Alex Levine, UCLA

Cell Quakes: The mechanics of active polymer networks and microrheology in living cells

Friday February 22, 4pm, Phillips 332
(refreshments served in Phillips 330 starting at 3:30)

Abstract:
The mechanics of the in vivo cytoskeleton is controlled in part by the details of its non-equilibrium steady-state. In this ``active'' material, molecular motors (e.g. myosin) exert transient contractile stresses on the F-actin filament network. Since microrheology traditionally relies of the linear response properties of the soft materials in thermal equilibrium, this departure from equilibrium has profound implications for the interpretation of microrheological data from the interior of living cells and in vitro active networks. In active networks, such as the in vitro systems of Mizuno et al. [Science 315 (5810) pp. 370-373 (2007).] and in living cells, the underlying theoretical foundation of the interpretation of microrheology -- the Fluctuation-Dissipation theorem -- does not apply. New ideas are needed.

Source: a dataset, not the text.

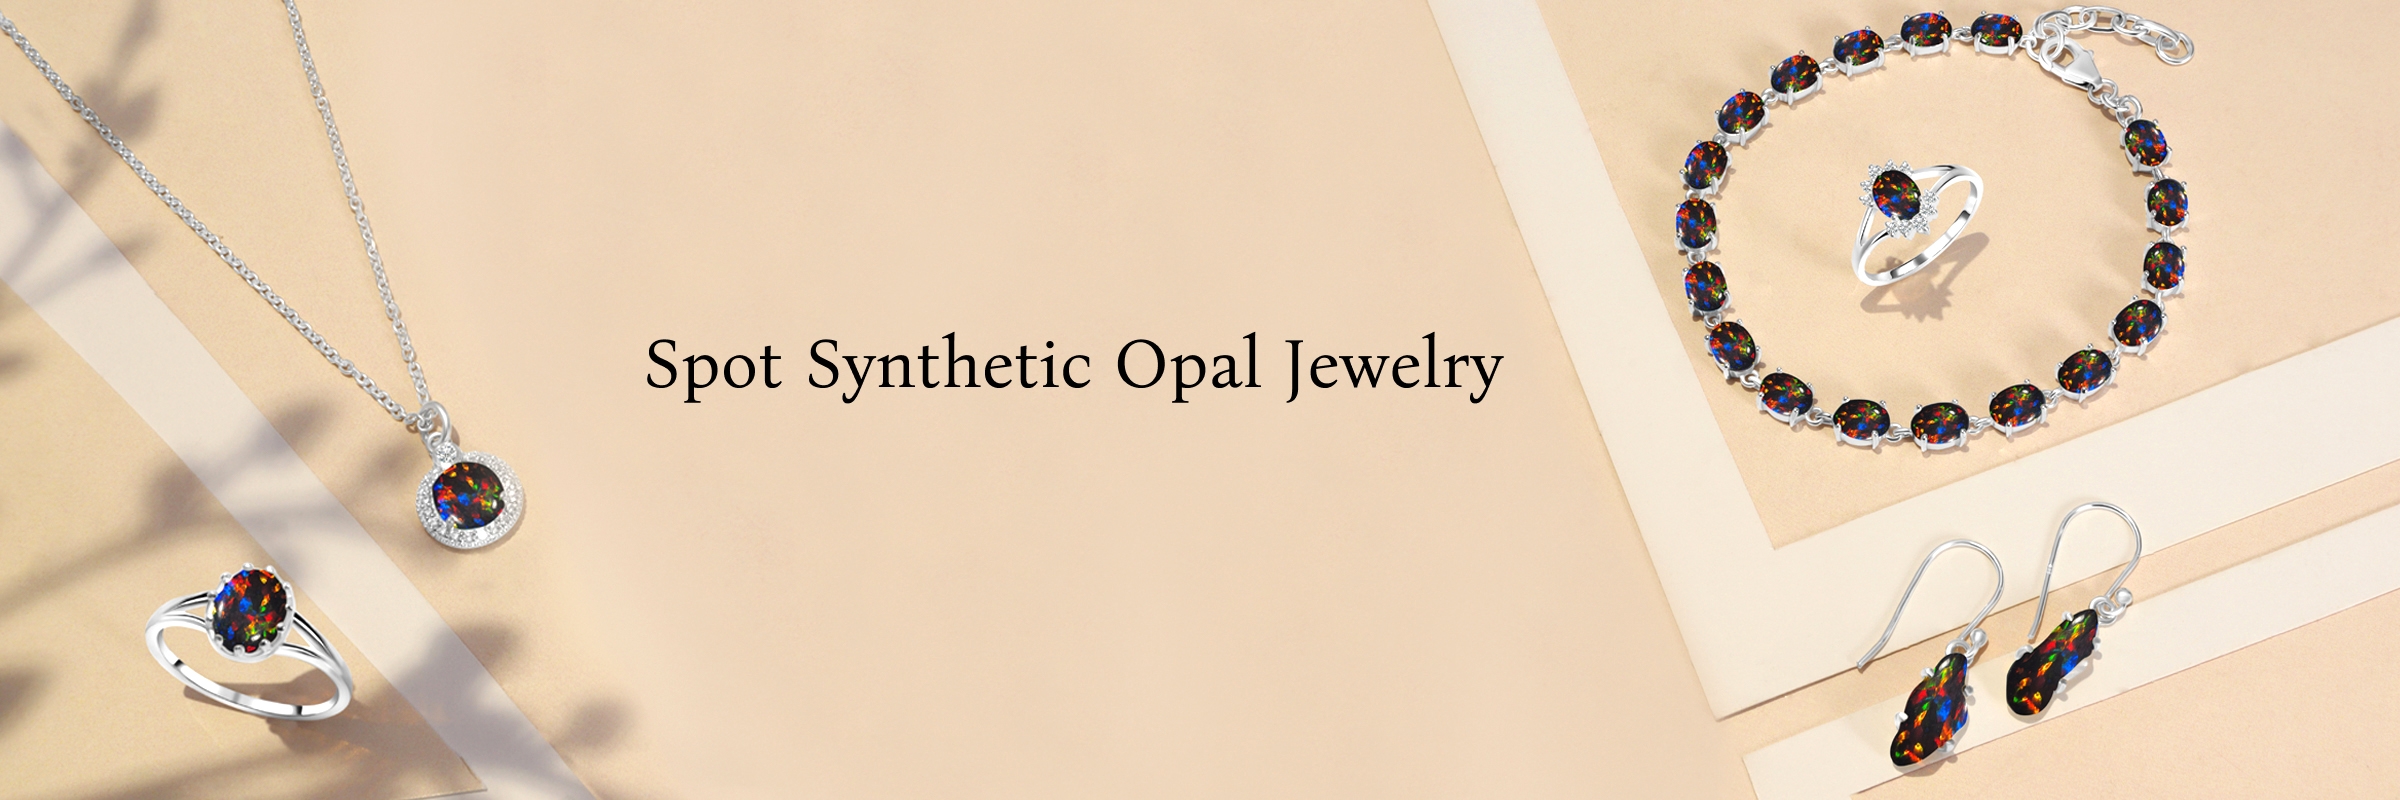 How To Identify Synthetic Opal Gemstone Real or Fake?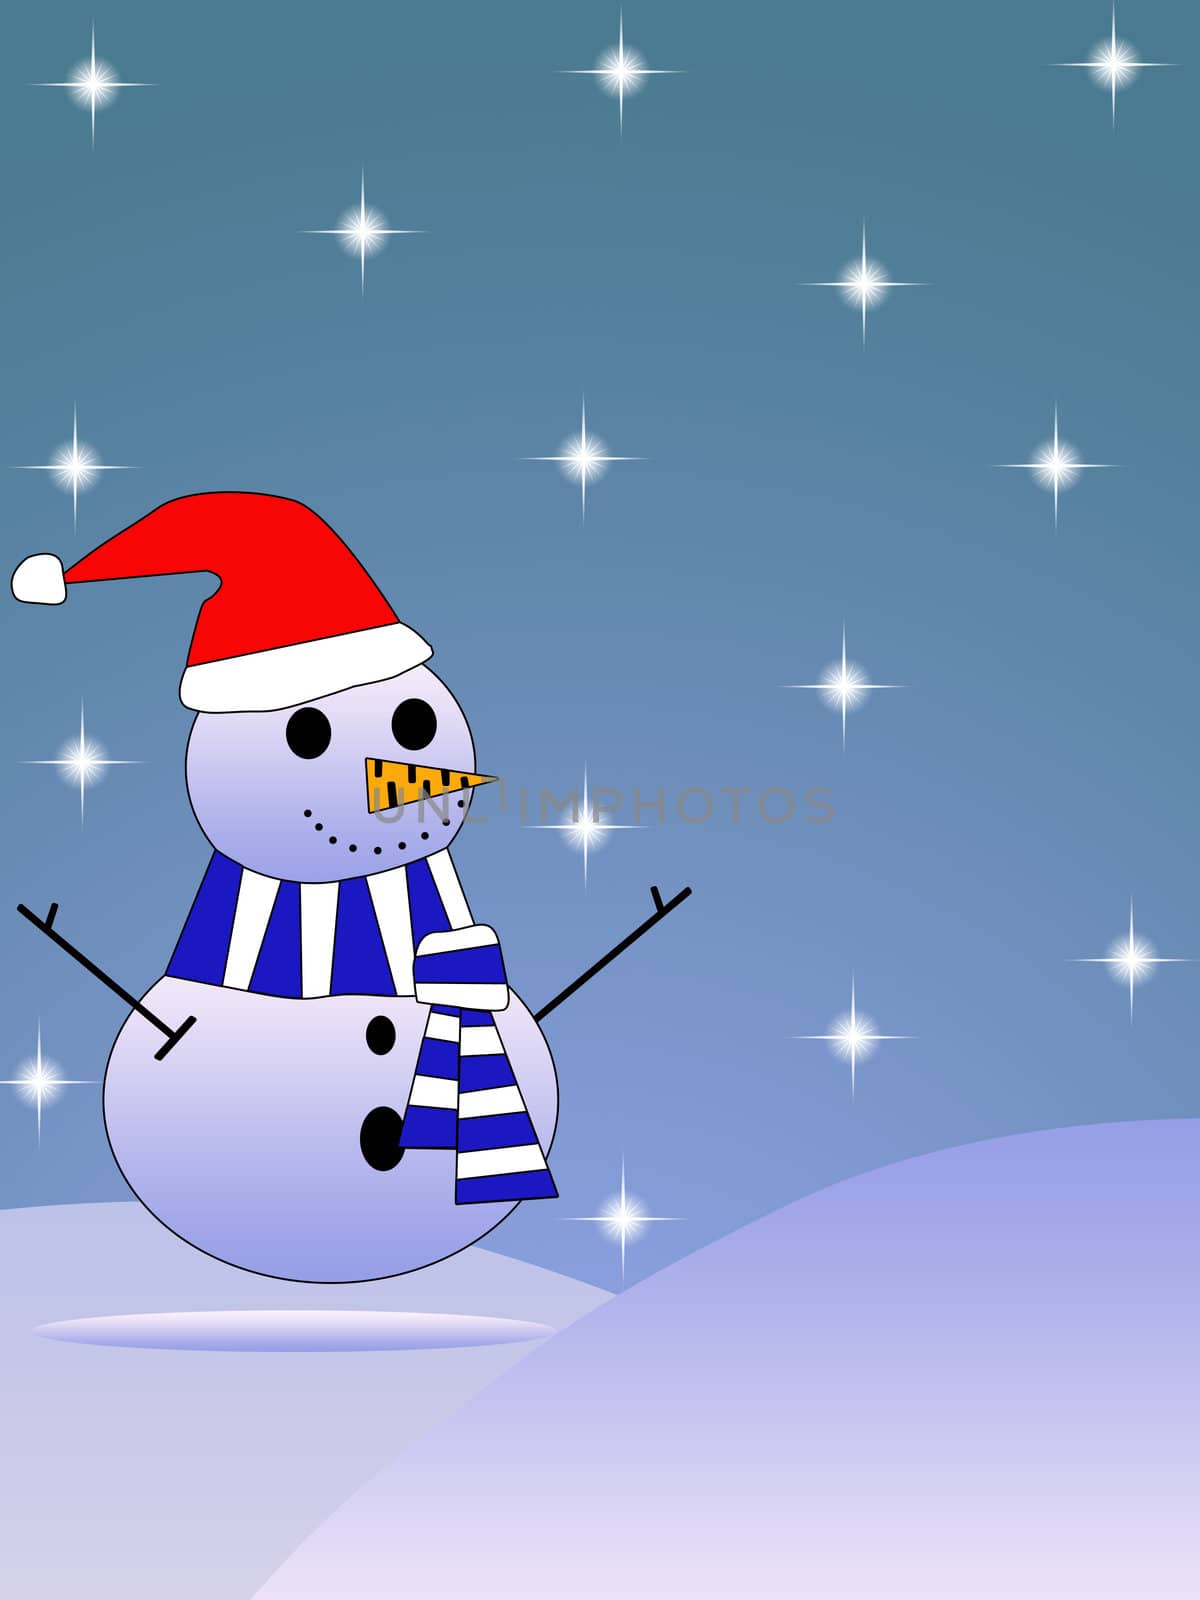 Large snowman dressed in hat and scarf with falling snow

In this talk, I review microrheology, and then discuss a new theoretical interpretation of microrheology in active (i.e. molecular motor driven) networks. I also explore how molecular motor activity can reversibly control the elastic properties of these active gels. The cytoskeleton points towards the development of new biomimetic materials whose elastic properties can be tuned by controlling the material's non-equilibrium steady-state.